▶ _Work to be completed_
After locating "Baltimore Orioles MLB", return its line and all lines that follow through the end of the listing below, exactly; leave out pictures.

▶ _Information shown_
Segment Open

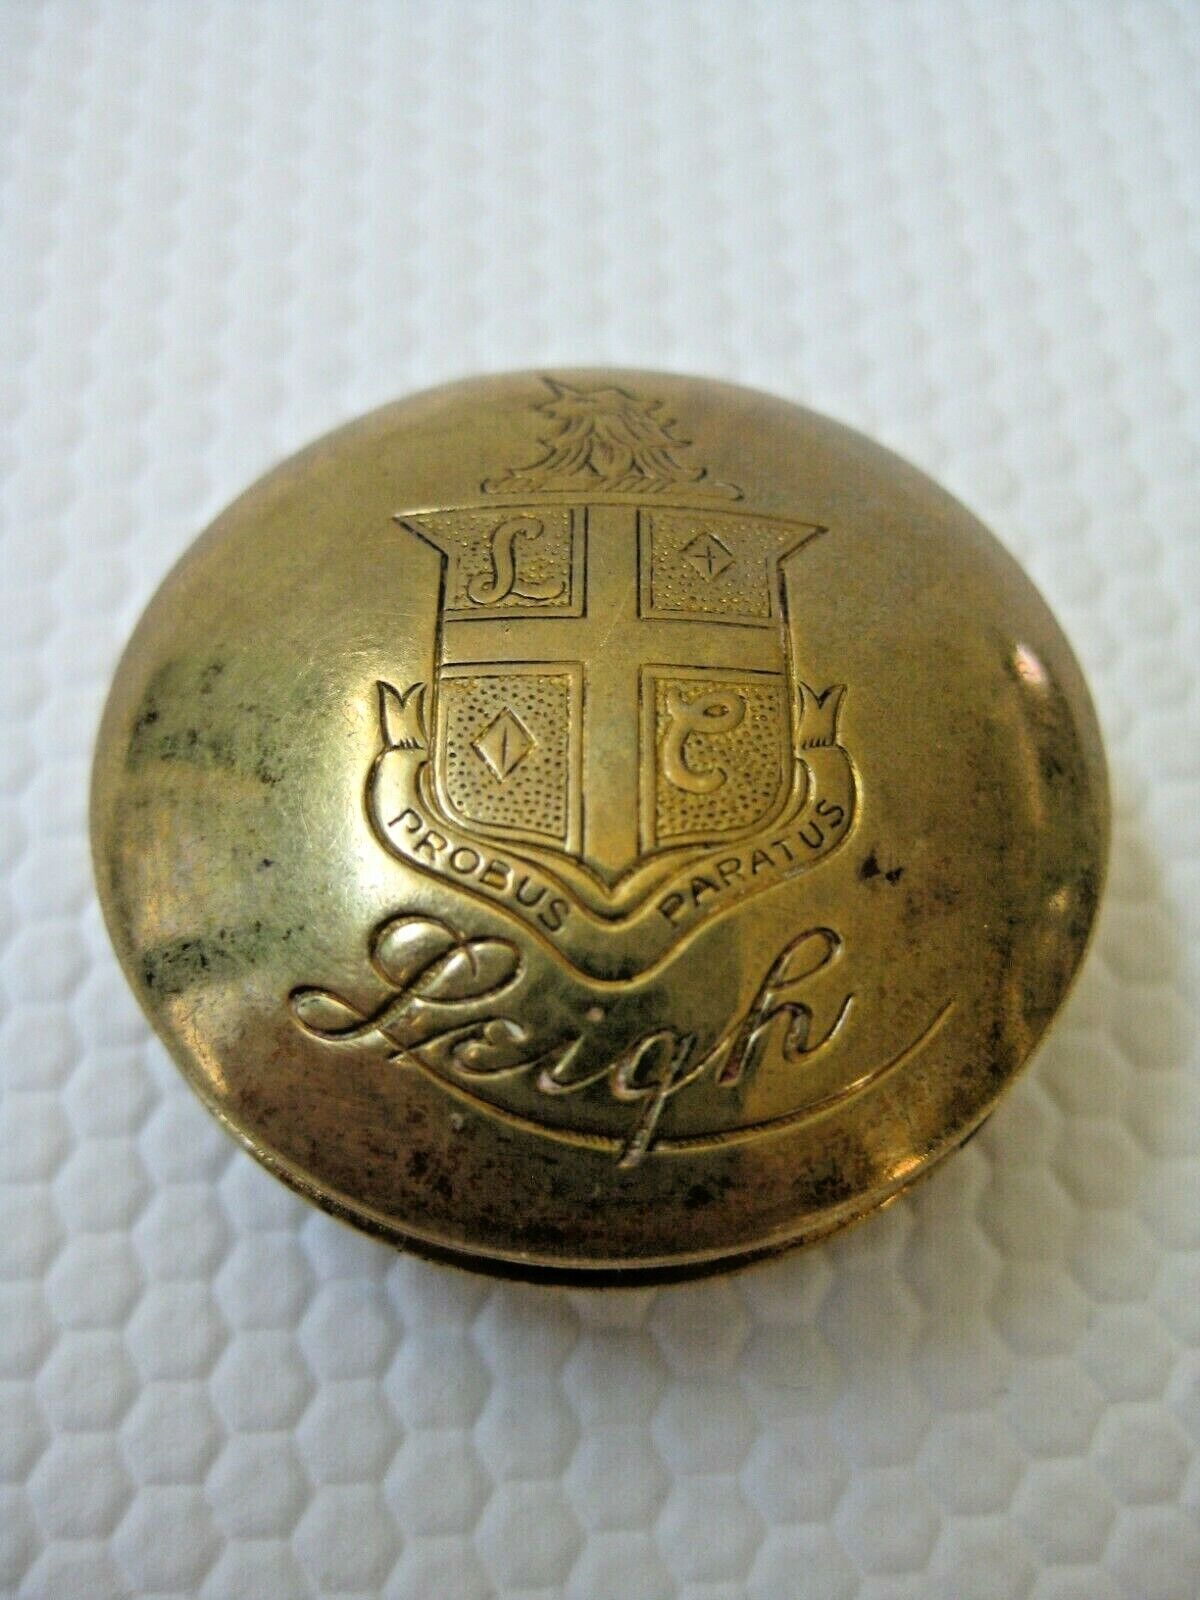 RARE 1920s Leigh Probus Paratus Rouge Compact Pot Brass Incised Trademark Crest 
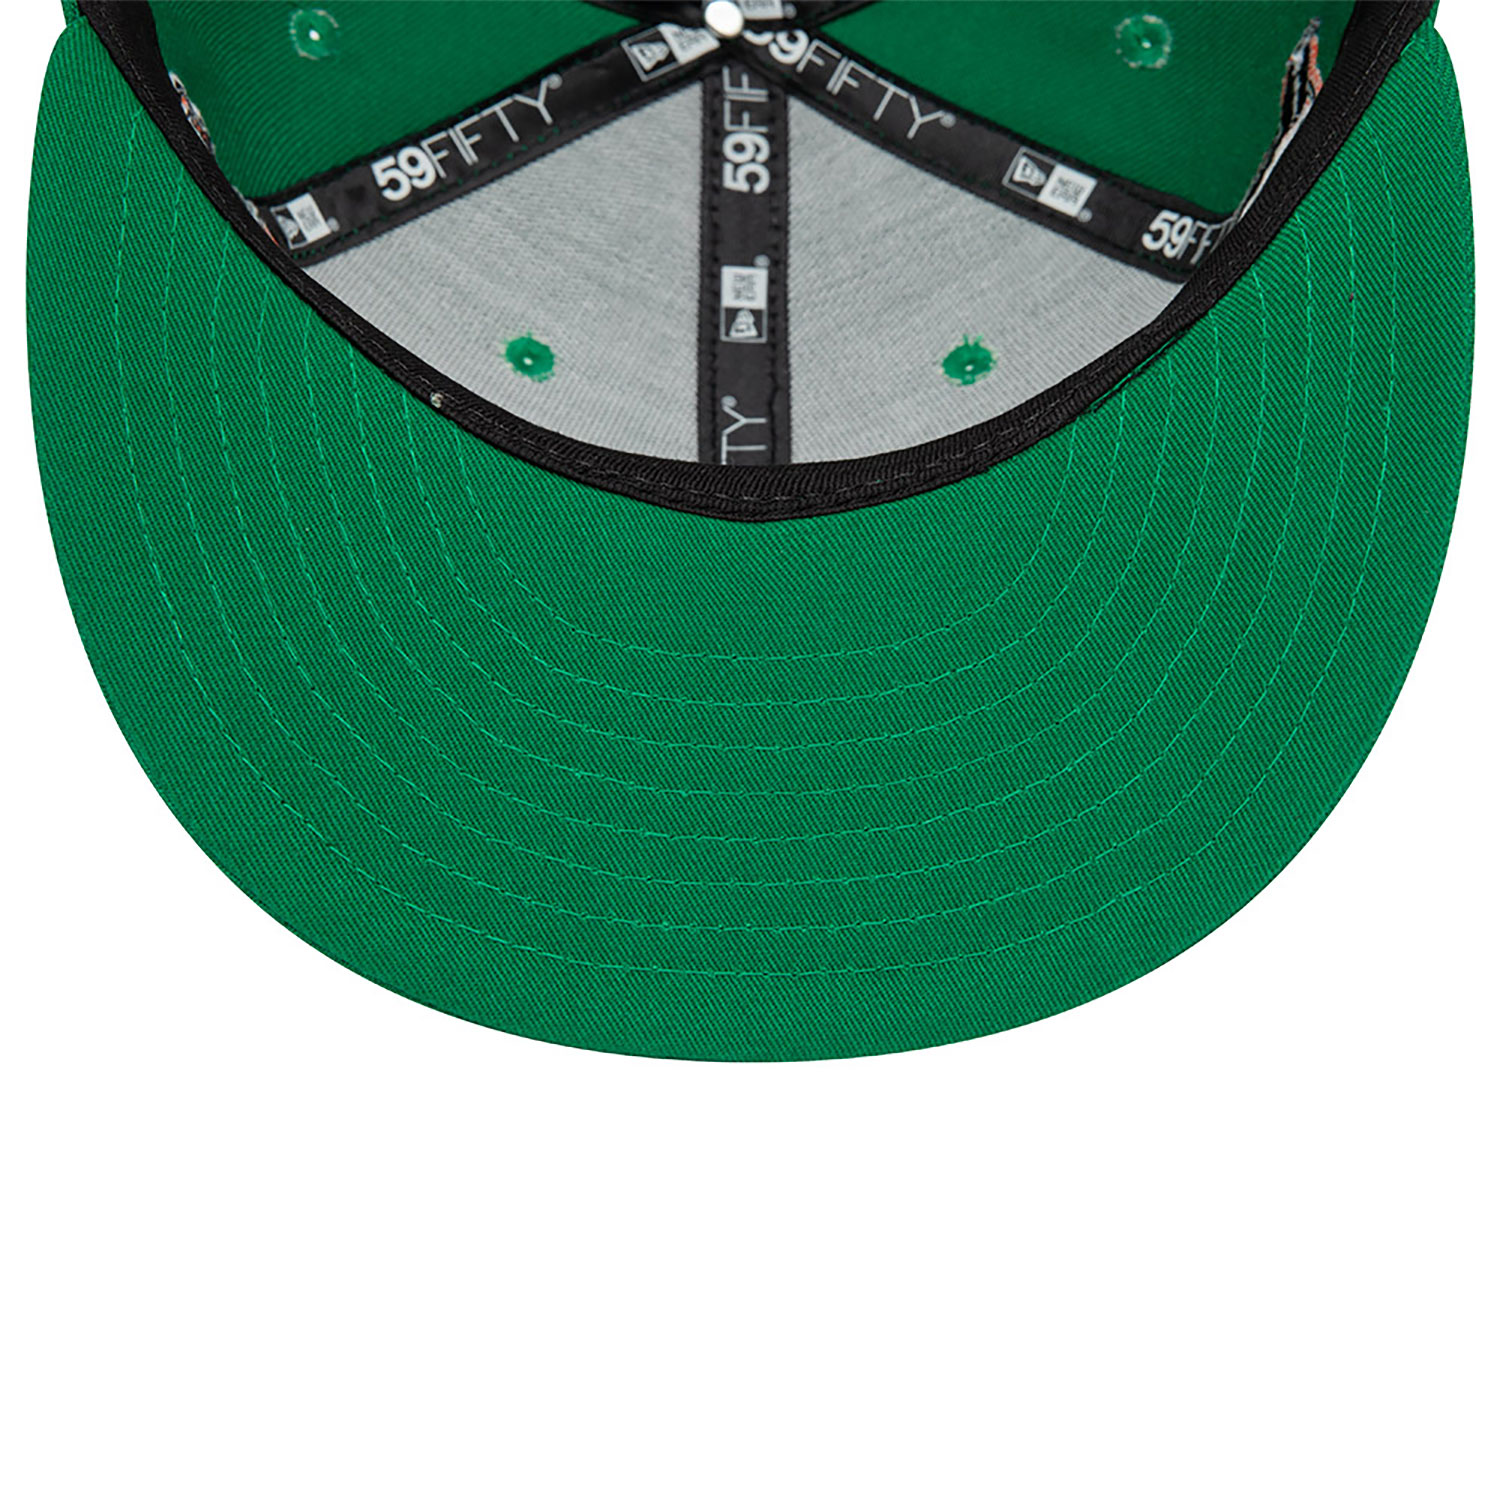 Baltimore Orioles MLB Cooperstown Green 59FIFTY Fitted Cap
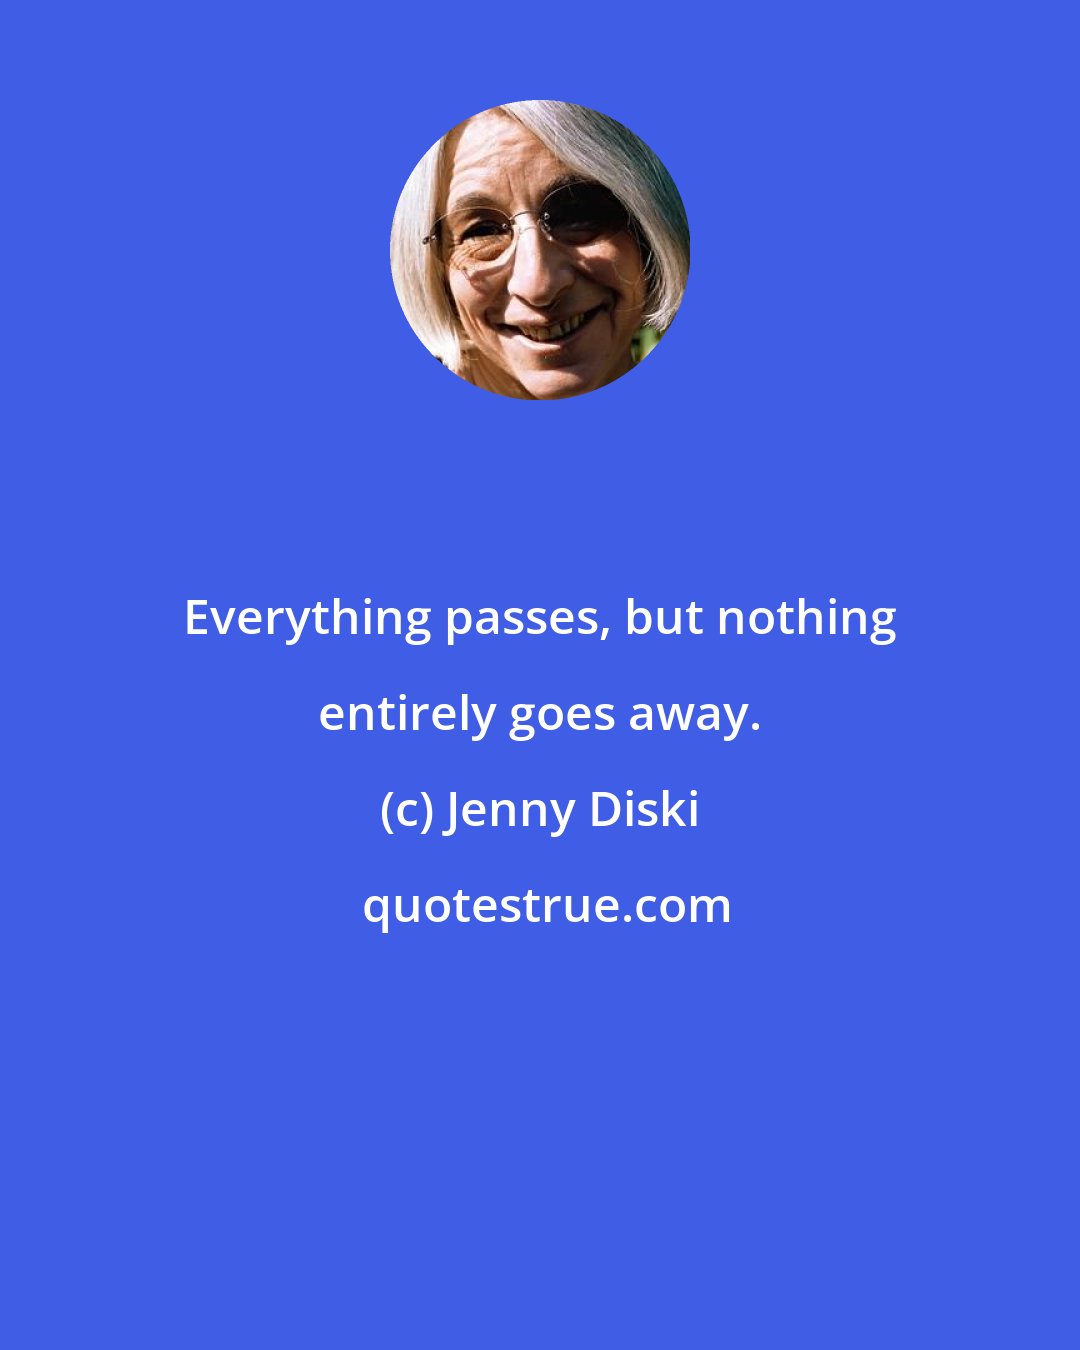 Jenny Diski: Everything passes, but nothing entirely goes away.
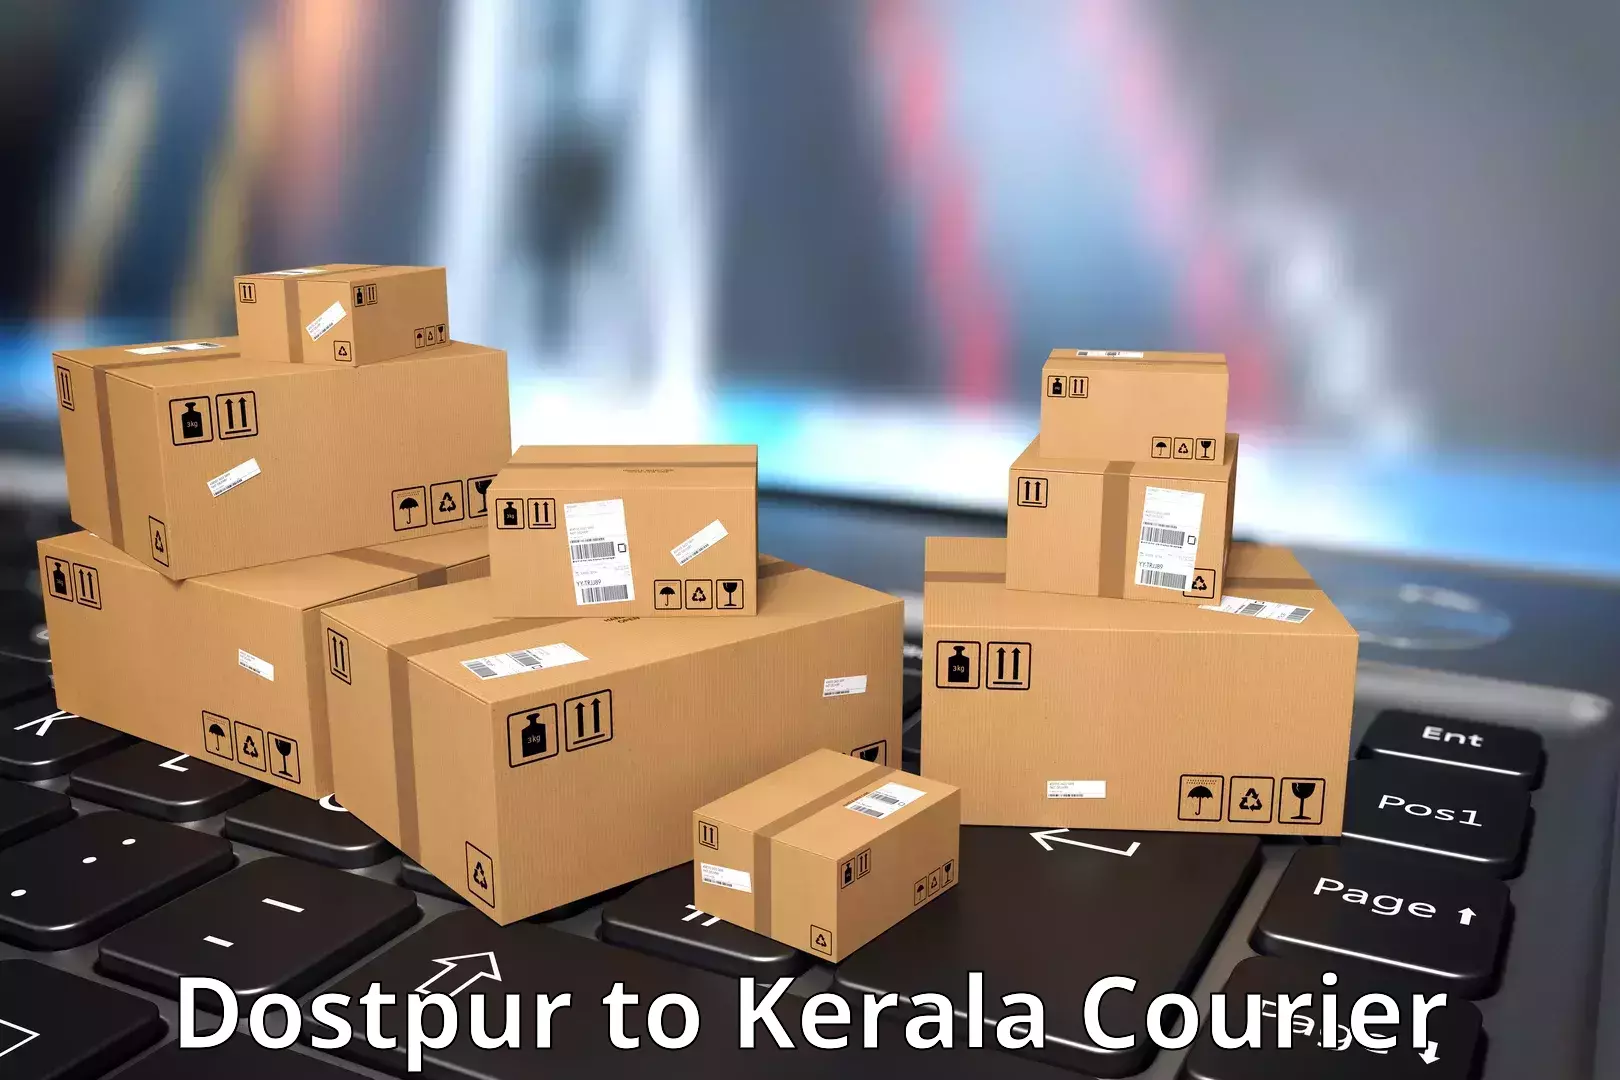 Nationwide courier service Dostpur to Balussery

Segment Closed

▶ _Exercise answer_
 Baltimore Orioles MLB Cooperstown Green 59FIFTY Fitted Cap
 Jenny Diski: Everything passes, but nothing entirely goes away.
 Nationwide courier service Dostpur to Balussery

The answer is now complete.